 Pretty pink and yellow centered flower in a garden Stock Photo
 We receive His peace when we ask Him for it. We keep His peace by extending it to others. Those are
---
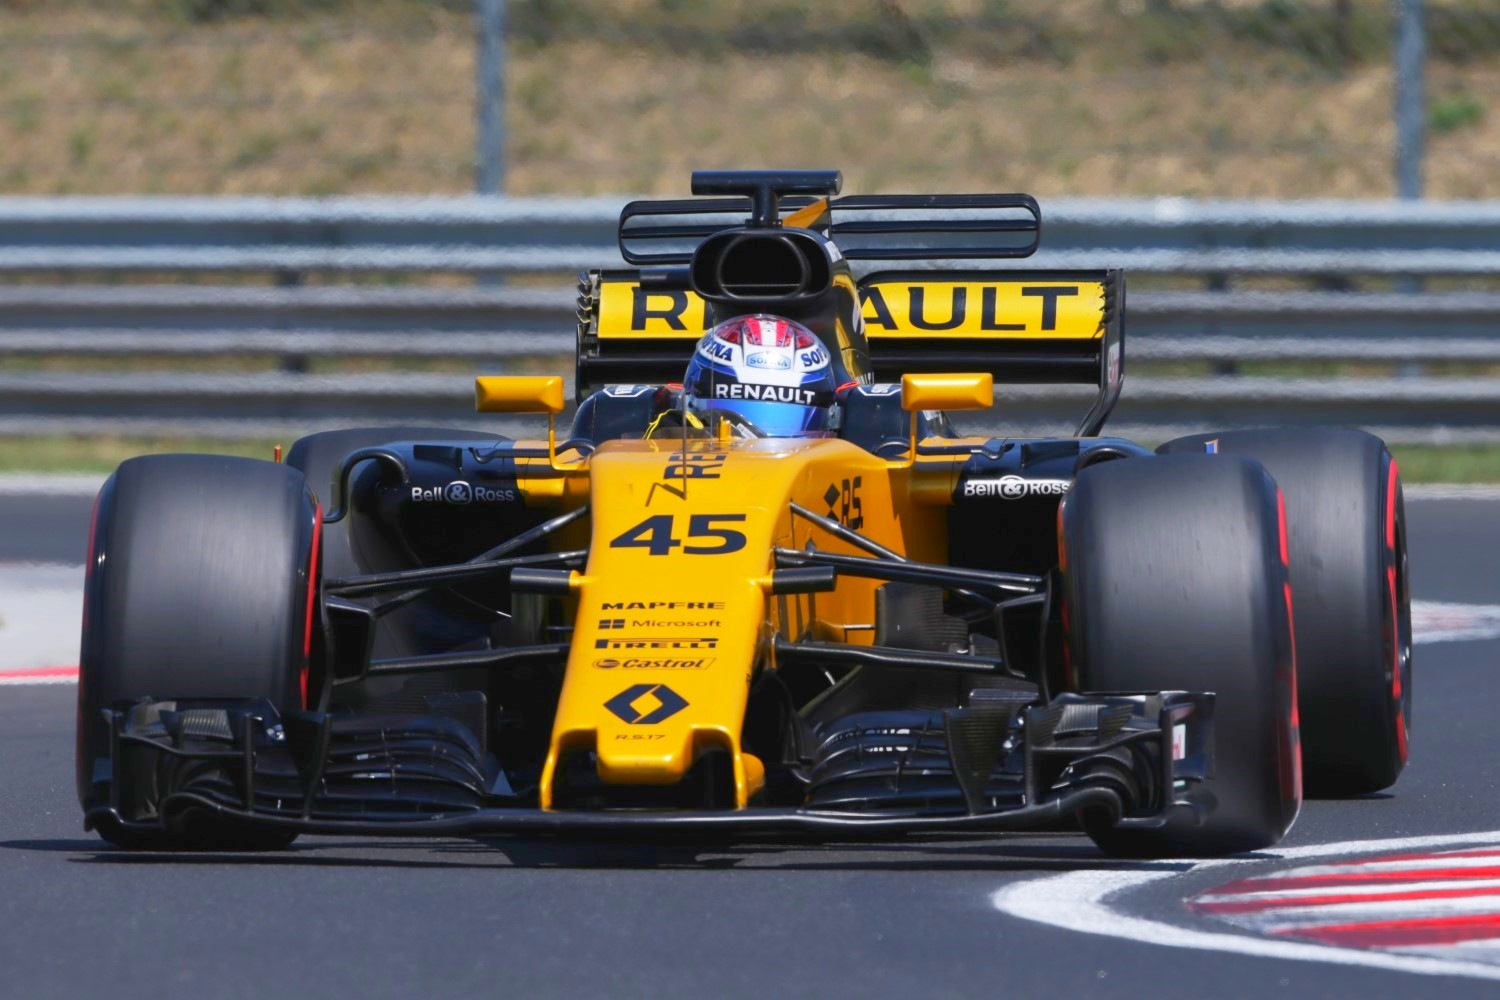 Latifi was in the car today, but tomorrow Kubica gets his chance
---
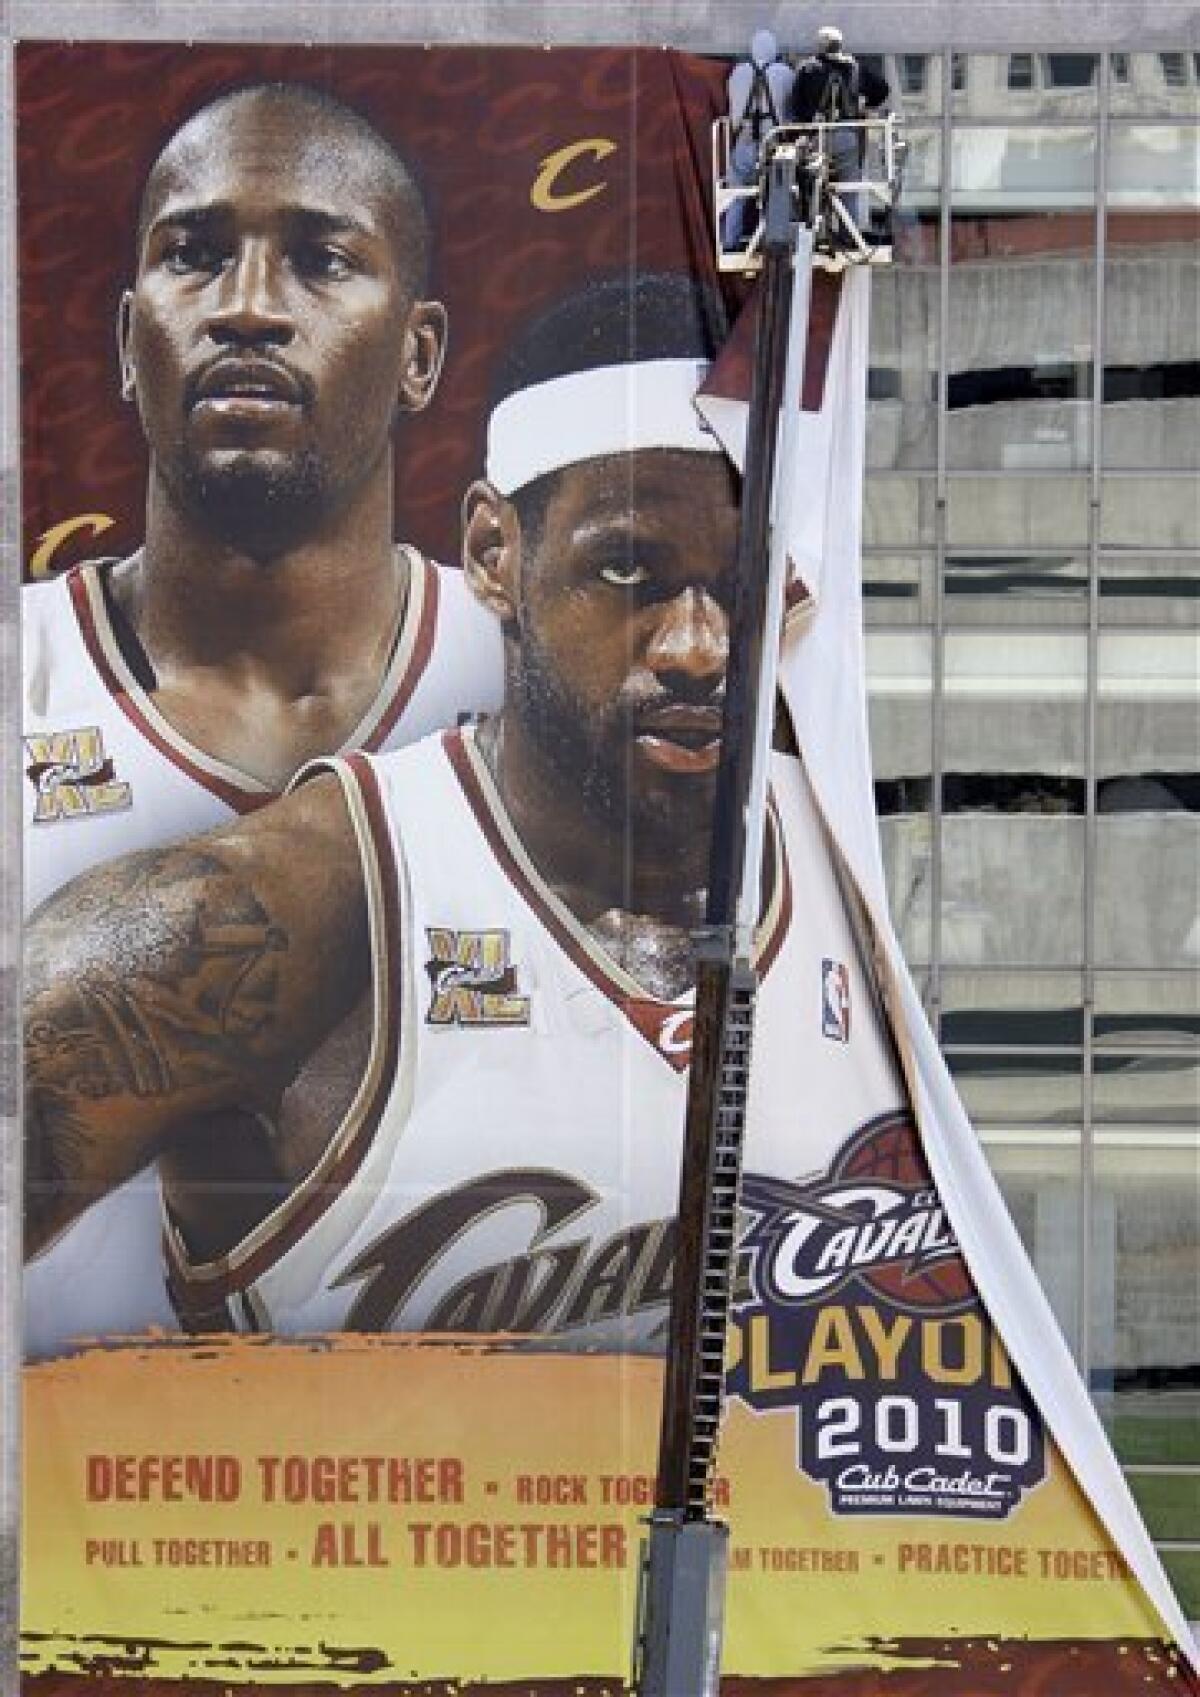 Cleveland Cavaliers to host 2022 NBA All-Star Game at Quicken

• [Exercise aim] For the material above, reproduce exactly the lines from the line with "Pretty pink and" to the line with "We receive His", inclusive, and exclude all others.

• [Written answer]
 Pretty pink and yellow centered flower in a garden Stock Photo
 We receive His peace when we ask Him for it. We keep His peace by extending it to others. Those are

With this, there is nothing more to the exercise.